2. Potassium loss through kidney, which is the most important reason for potassium loss in adults. Common factors that cause increased renal potassium excretion include: long-term continuous use or excessive dosage of diuretics, for example, diuretics that inhibit proximal tubule sodium and water reabsorption, and inhibit Cl- and Na+ reabsorption in the thick ascending branch of the medullary loop. Diuretics (furosemide, diuretic acid, thiazides, etc.) can increase the flow of raw urine to the distal renal tubule.

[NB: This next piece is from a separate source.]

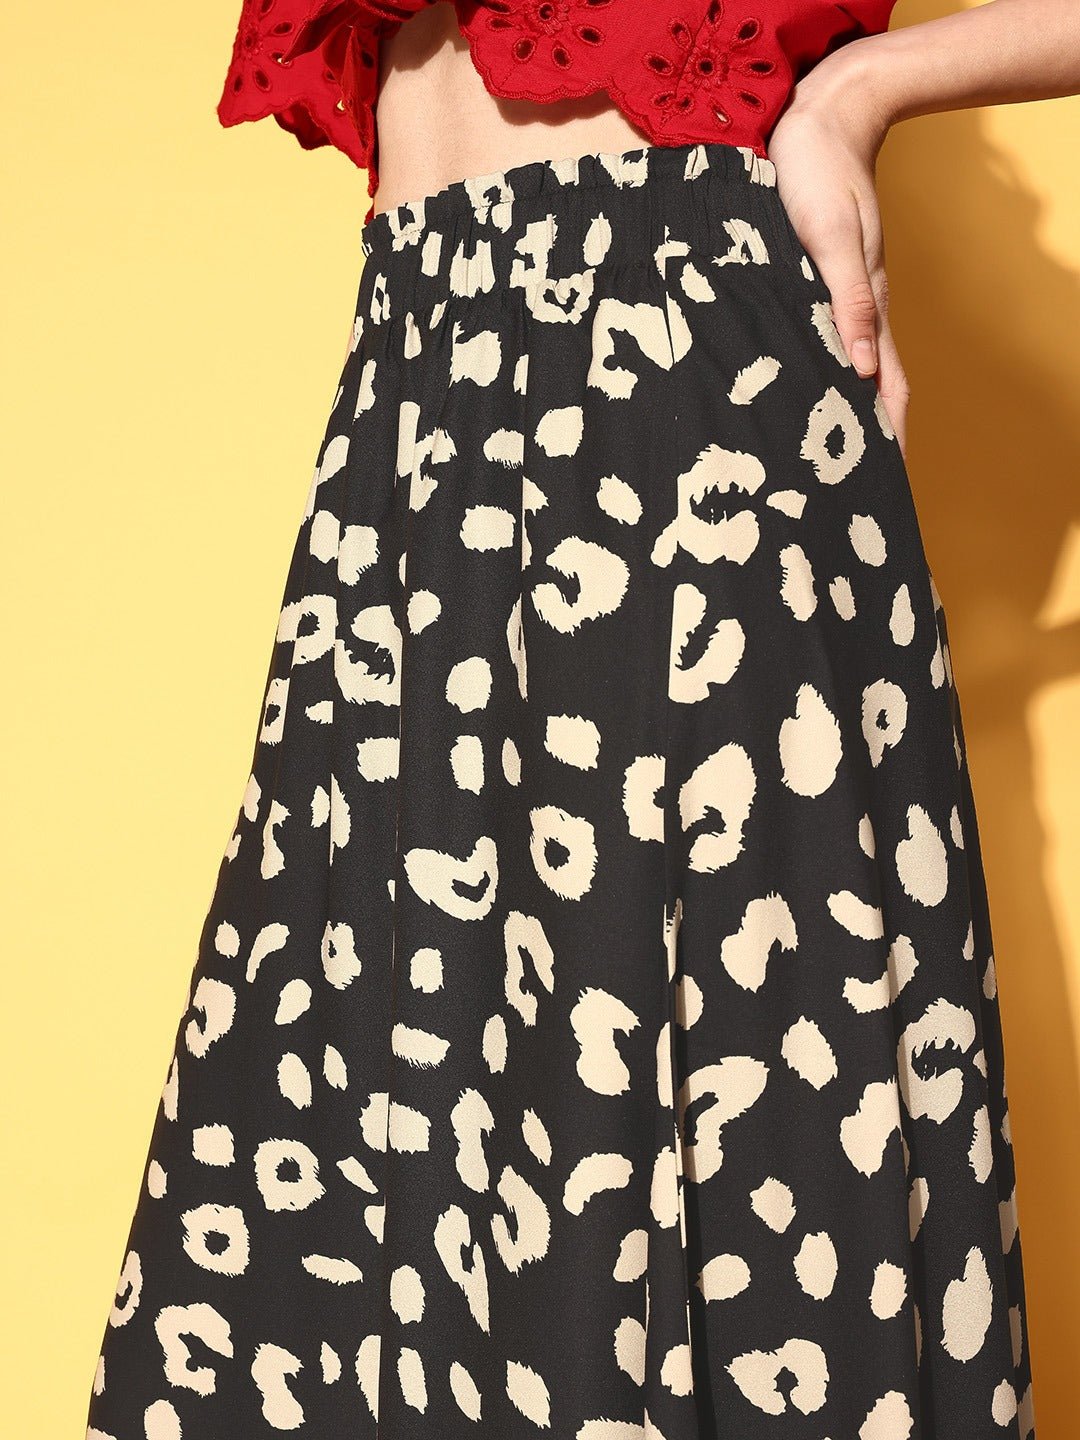 Folk Republic Women Black & Cream Animal Printed Crepe Flared A-Line Midi Skirt - #folk republic#

3. In some kidney diseases, such as distal renal tubular acidosis, due to the dysfunction of hydrogen secretion in the distal convoluted tubule, H+-Na+ exchange is reduced and K+-Na+ exchange is increased, resulting in potassium loss. In proximal renal tubular acidosis, the reabsorption of HCO3- in the proximal convoluted tubule is reduced, and the increase in HCO3- reaching the distal convoluted tubule is an important reason for increasing the potassium excretion of the distal convoluted tubule, so increased potassium excretion may occur.

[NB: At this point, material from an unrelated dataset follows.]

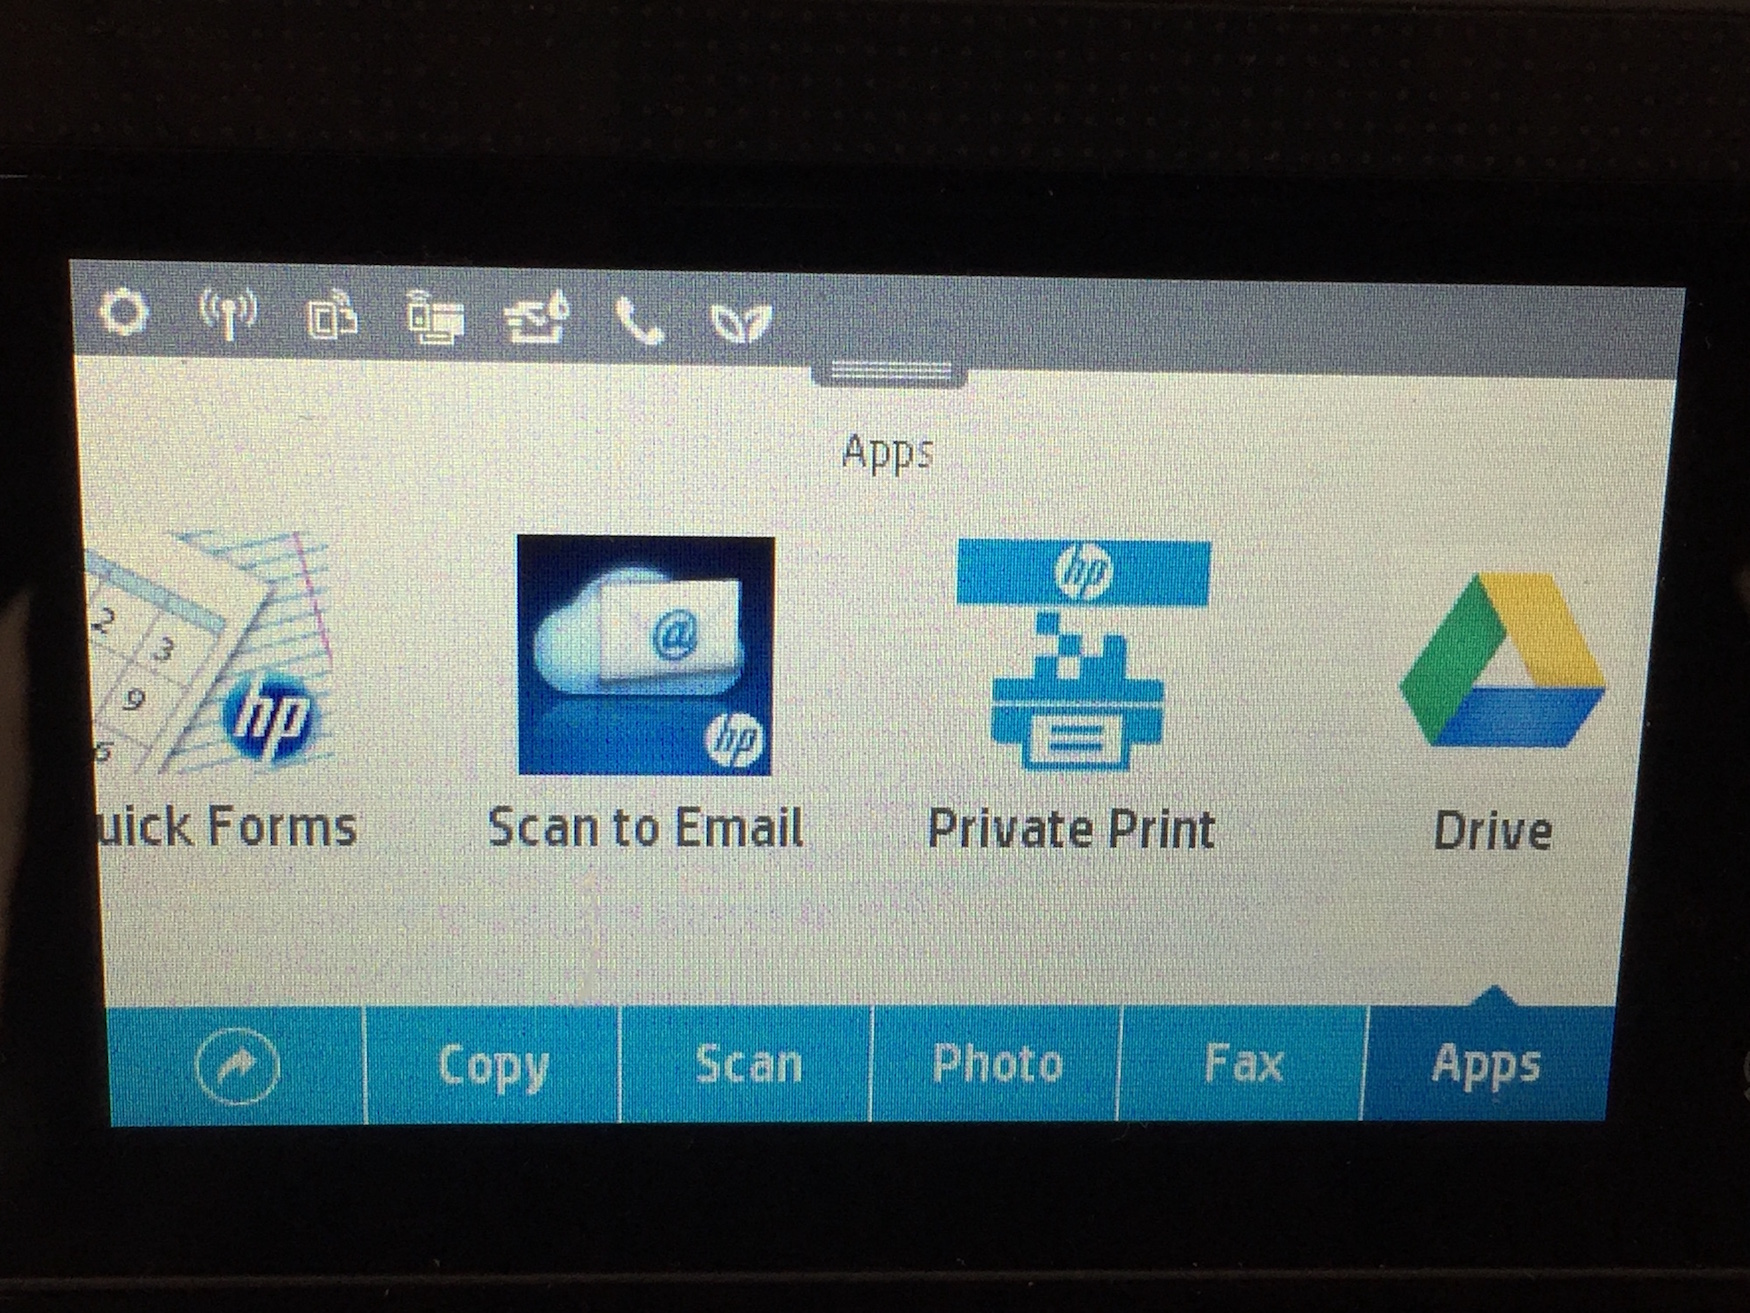 Print Apps menu

4. When there is too much adrenal cortical hormone and the primary and secondary aldosterone increases, the Na+-K+ exchange between the renal distal convoluted tubule and the collecting duct increases, thus playing the role of excreting potassium and retaining sodium. In Cushing syndrome, the secretion of the glucocorticoid cortisol increases significantly.

5. Magnesium deficiency often causes hypokalemia. Potassium reabsorption in the ascending limb of the medullary loop depends on the Na+-K+-ATR enzyme in the renal tubular epithelial cells, and this enzyme requires Mg2+. activation. When magnesium is deficient, this enzyme may be inactivated due to the lack of intracellular Mg2+, resulting in potassium reabsorption disorders and potassium loss. Animal experiments have also proven that magnesium deficiency can also cause an increase in aldosterone, which may also be the cause of potassium loss.

6. Alkalosis. During alkalosis, the excretion of H+ by renal tubular epithelial cells decreases, so H+-Na+ exchange is strengthened, so potassium excretion in urine increases.

7. Potassium is lost through the skin, and the potassium content in sweat is only 9mmol/L. Under normal circumstances, sweating does not cause hypokalemia. However, heavy sweating can also lead to loss of potassium when performing heavy physical work in a high-temperature environment.

8. When extracellular potassium is transferred into cells, hypokalemia may occur.